= Long Lane School =

Former juvenile prison in Connecticut, United States

Long Lane School was a prison for juvenile inmates in Middletown, Connecticut. Historically a prison for delinquent girls, it underwent various name changes, was acquired by the state in 1924, and began housing boys in 1972. Prior to its 2003 closure, it was operated by the Connecticut Department of Children and Families, and was for inmates of the ages 11–16. It was a locked and high-security facility. In its lifetime, Long Lane remained unfenced.

==History==
Initially a private charitable organization, it was established in 1868 as the Industrial School for Girls, with the Connecticut Legislature approving the plans for the facility. 45.71 acre of land, in Middletown, was donated for the facility; Middletown's proximity to Hartford and New Haven, which it was between, and its accessibility to the Connecticut River boat services, were the reasons for its selection. Sarah A. Leavitt, author of "Neglected, Vagrant, and Viciously Inclined: The Girls of the Connecticut Industrial School, 1867-1917," stated that Farmington was the only other site seriously considered for the facility. The previous Henry Hall and Sweet properties housed Long Lane.

On June 21, 1924, the prison was renamed Long Lane Farm as the State of Connecticut acquired it. It received the name Long Lane School in 1943.

In 1956 Wesleyan University attempted to acquire much of the property to expand its campus. By 1957 the university canceled the deal as the cost to acquire the land would be too great; instead the university acquired other property.

In 1970 Long Lane School became a part of the Connecticut Department of Children and Youth Services, which was renamed Department of Children and Families in 1993. In 1972 the Connecticut School for Boys in Meriden administratively merged into Long Lane, with the boys transferred to Long Lane.

A 15-year old prisoner from New Britain, Tabitha Ann Brendle, became the first inmate of Long Lane to ever commit suicide; her death caused prompts to have juvenile corrections in Connecticut reformed.

By the 1990s the State of Connecticut had plans to upgrade the security of Long Lane. Scott Mayeritz of Wesleyan University stated that the Long Lane campus building was "falling apart". In 1999 Eric M. Weiss of the Hartford Courant stated that "Students and staff describe Dickensian conditions in which students are shackled to beds and proper plumbing is a privilege." A Connecticut child advocate stated that the Long Lane facility was "appalling".

In the 1990s Wesleyan University chose to pay $15 million to purchase the Long Lane campus to avoid having a facility with an obvious prison appearance on the boundary of the university, as the state was planning to erect a security fence; area residents disliked the perception of favoritism towards the university.

As of 2002 about 35 girls resided at Long Lane.
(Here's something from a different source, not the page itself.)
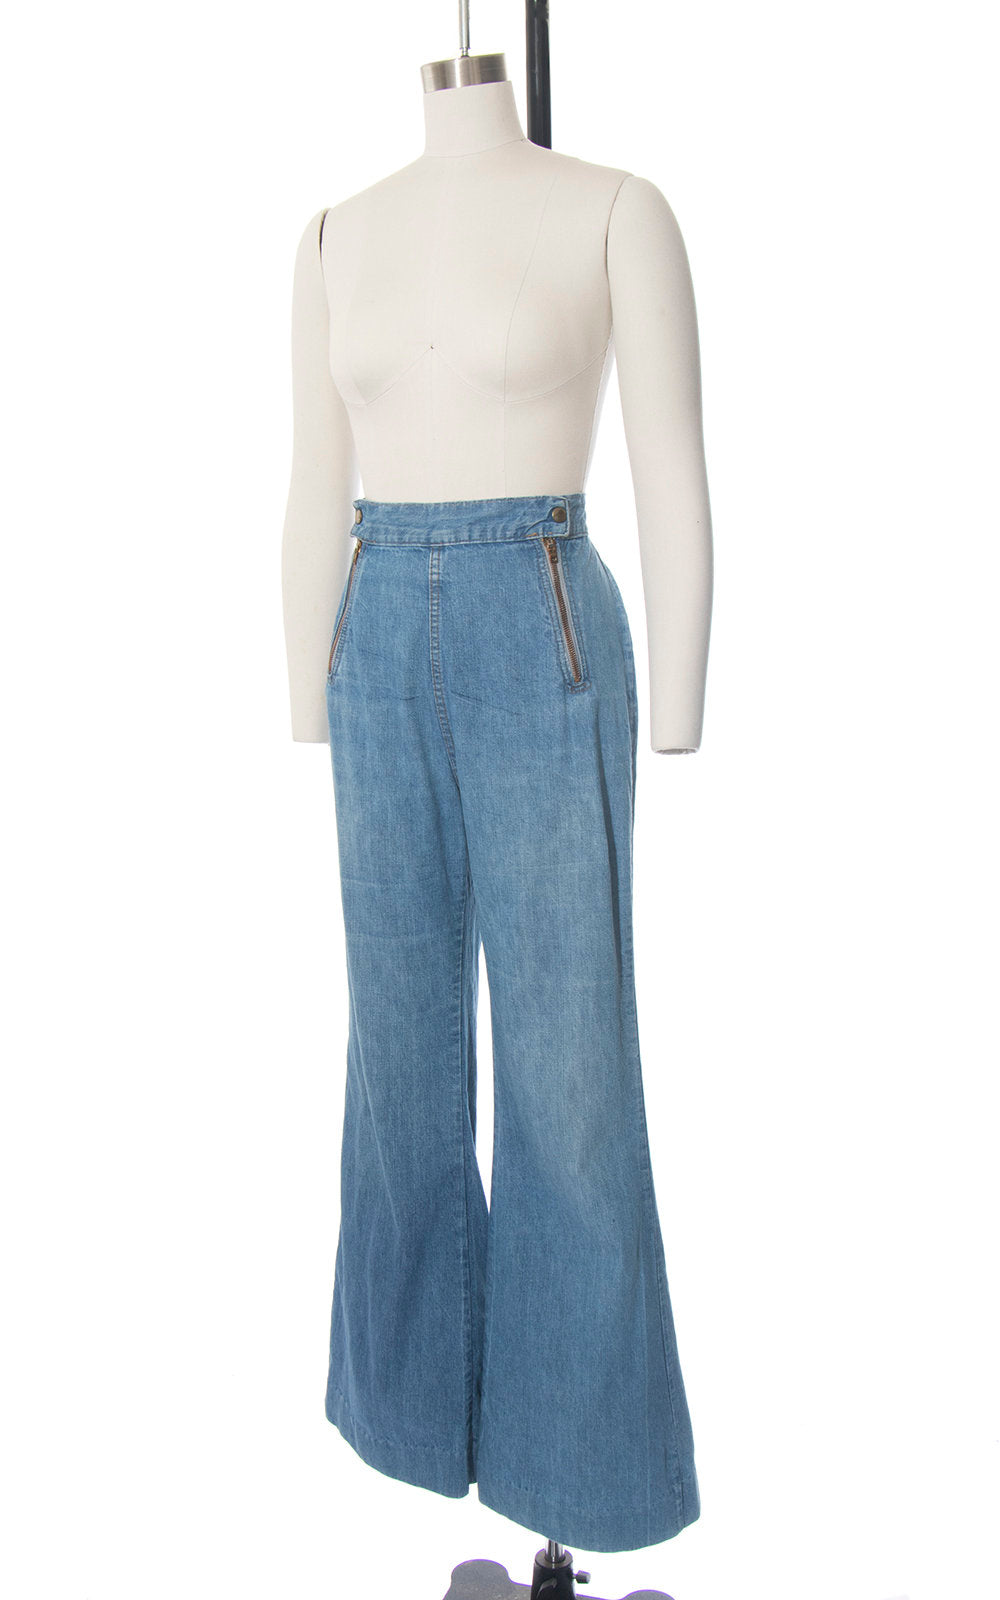 Vintage 1970s Bell Bottoms | 70s Double Zippered Light Blue Wash Denim Jeans High Waisted Distressed Flared Pants (medium)
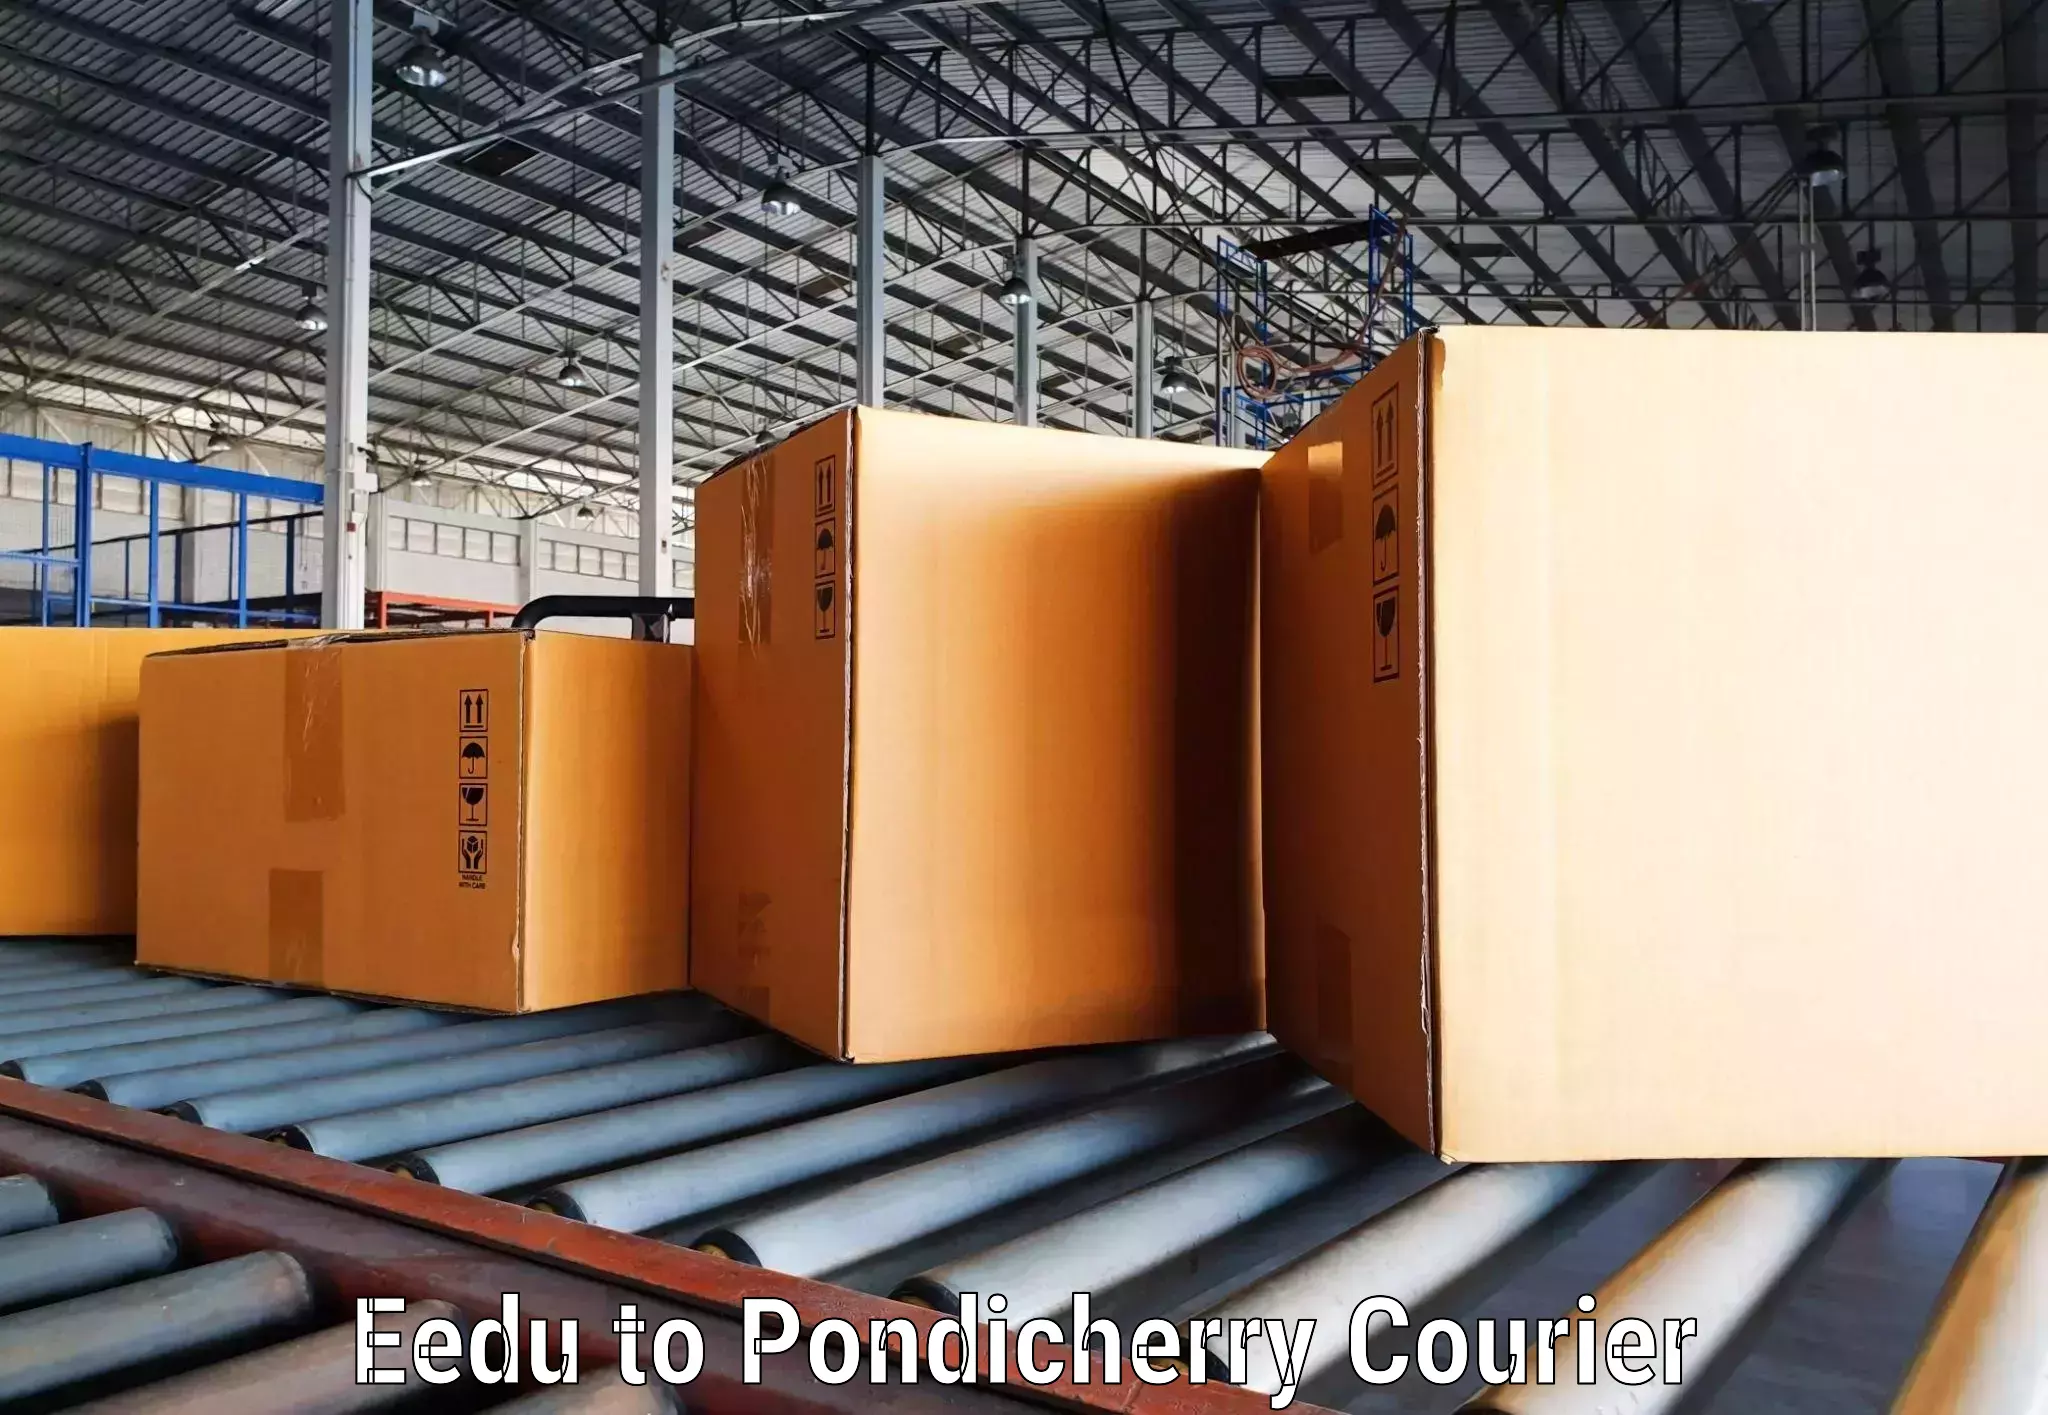 Corporate courier solutions Eedu to Pondicherry University

The facility had three cottages for boys and one for girls.

In 2002 the state announced that the Long Lane School, then the state's designated juvenile center for girls, was closing. Girls were moved to the Connecticut Children's Place in East Windsor. The closure occurred after the Attorney General of Connecticut, Richard Blumenthal, and a state child advocate, Jeanne Milstein, investigated a suicide attempt at Long Lane and then asked DCF to review its practices regarding the safety of delinquent girls. Long Lane was scheduled to close on December 30, 2003. It instead closed February 7 of that year, with boys sent to the Connecticut Juvenile Training School (CTJS) in Middletown and girls sent to various other facilities.

==Demographics==
In 1998 about 76% of the prisoners were of racial groups other than non-Hispanic white.